Cost questions. What's my average cost per session today vs. last week? Which sessions were in the top 1% of cost, and what made them expensive?
Data questions. What PII has entered agent context in the last 7 days, how was it handled, and where did it end up?
If you can't answer these questions in a reasonable timeframe without a manual investigation, you have observability. You don't have operational capability.
Building an SLA for Your Agent
This is the question that triggers the most discomfort in teams that haven't thought about it: what does reliability mean for an AI agent?
For a traditional API, reliability is relatively straightforward. Uptime percentage. Error rate. Latency percentiles. Defined, measurable, contractable.
For an agent, reliability is more complex because it has a behavioral dimension. An agent that returns a response within your latency target but gives a confidently wrong answer isn't reliable in the sense that matters. You need to define reliability along multiple axes.
Availability. The agent responds. This is table stakes but worth defining — what's your acceptable error rate, what's your acceptable latency at which percentiles?
Behavioral consistency. The agent responds in ways that are consistent with its intended behavior, as evaluated against some defined quality criteria. This requires having defined what "correct" or "acceptable" behavior looks like, which is a product problem before it's an engineering problem.
Governance compliance.
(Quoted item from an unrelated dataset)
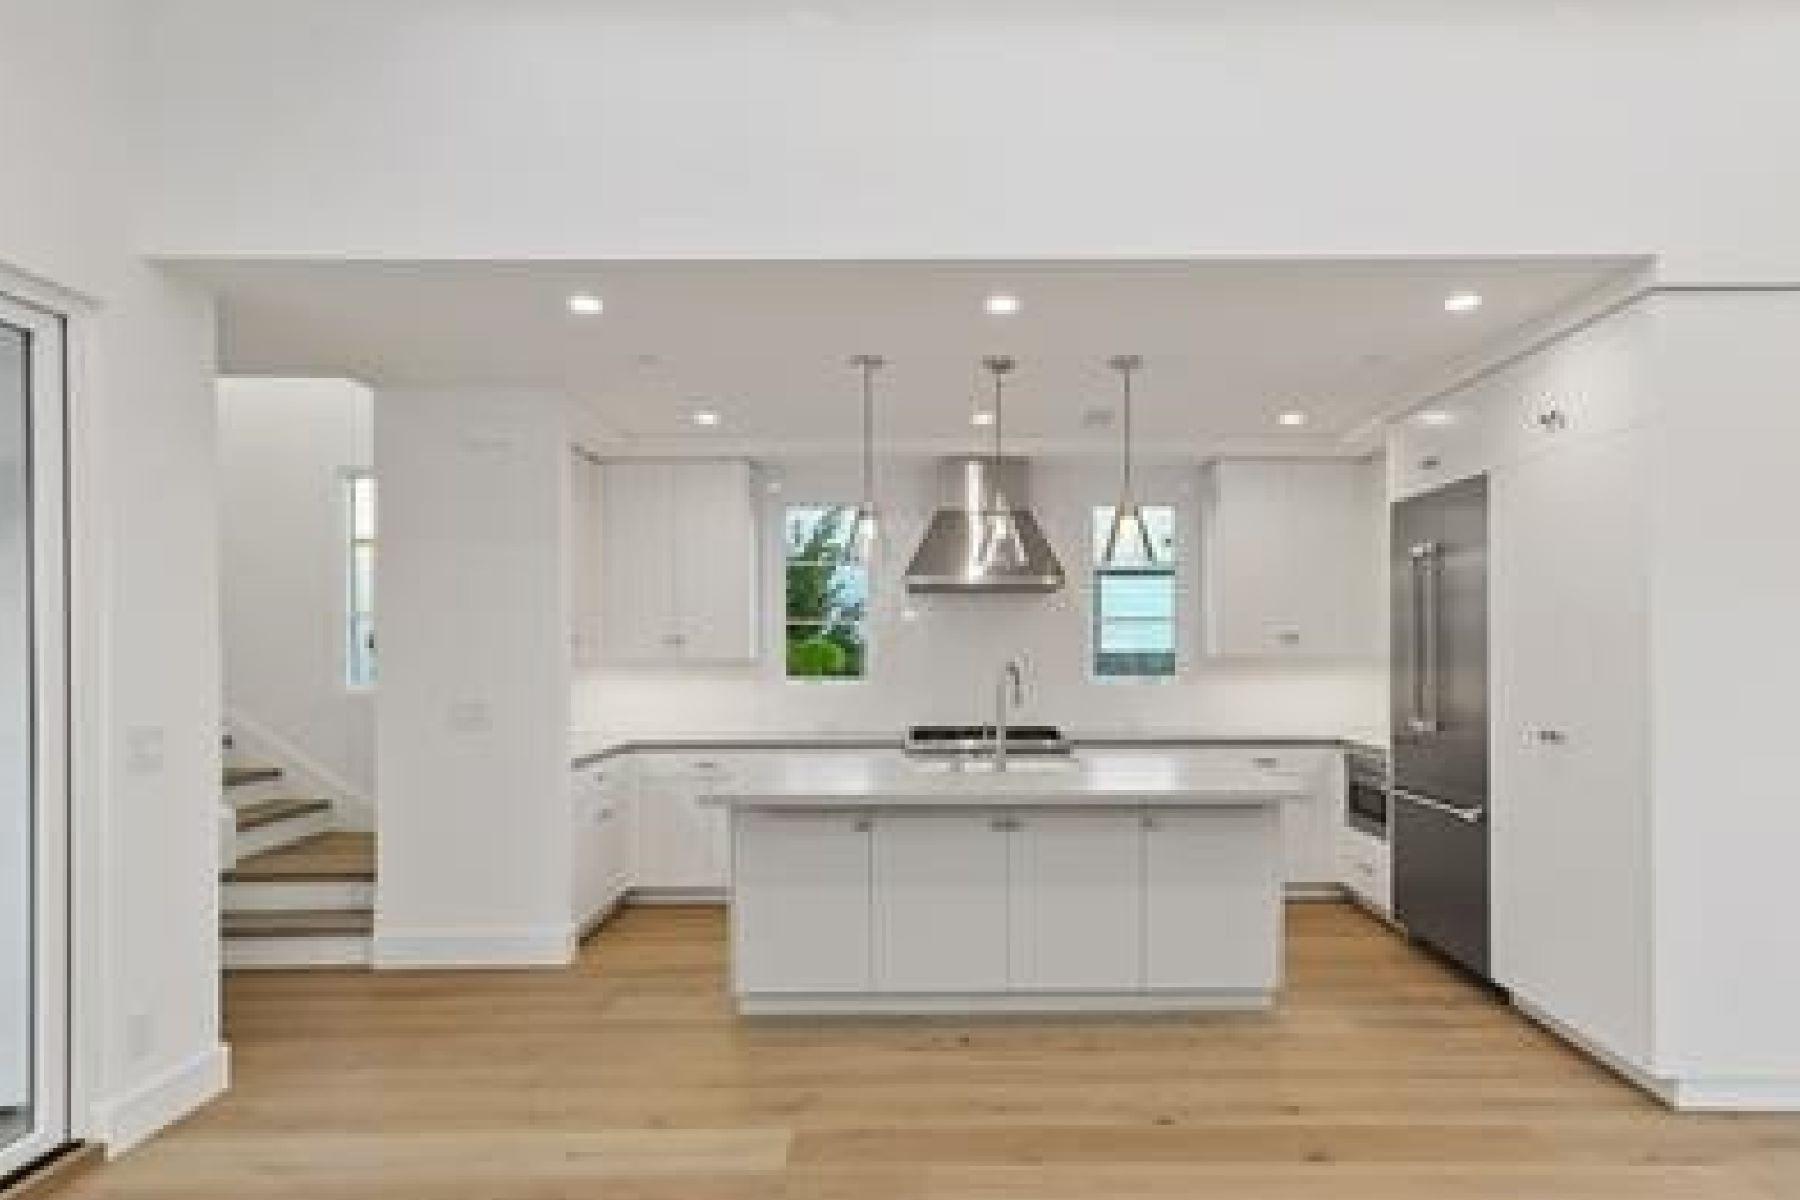 Single Family Homes for Active at 606 .5 Larkspur Avenue Corona Del Mar, California 92625 United States

The agent operates within its defined policy envelope. It doesn't violate spend budgets, it handles PII according to policy, it doesn't invoke tools it shouldn't invoke. This is measurable if you have governance infrastructure; it's invisible if you don't.
Degradation behavior. When the agent can't handle a request (edge case, tool failure, ambiguous input), what does it do? A well-defined SLA specifies acceptable fallback behavior, not just acceptable success behavior.
Starting an explicit SLA conversation with your stakeholders forces the right questions. It makes "the agent sometimes does weird things" a quantifiable problem rather than a vague worry.
Incident Response for AI Behavior
Traditional software incident response has a clear shape: something is broken, you find the root cause, you fix it, you deploy the fix. The incident is bounded in time and scope.
Agent behavior incidents are different in important ways:
The incident may have been happening for a while before you knew. Behavioral issues don't always surface as errors. They can look like slightly worse user retention, slightly higher support volume, slightly more frequent escalations. By the time it's clearly an incident, you need to reconstruct what happened over an extended period.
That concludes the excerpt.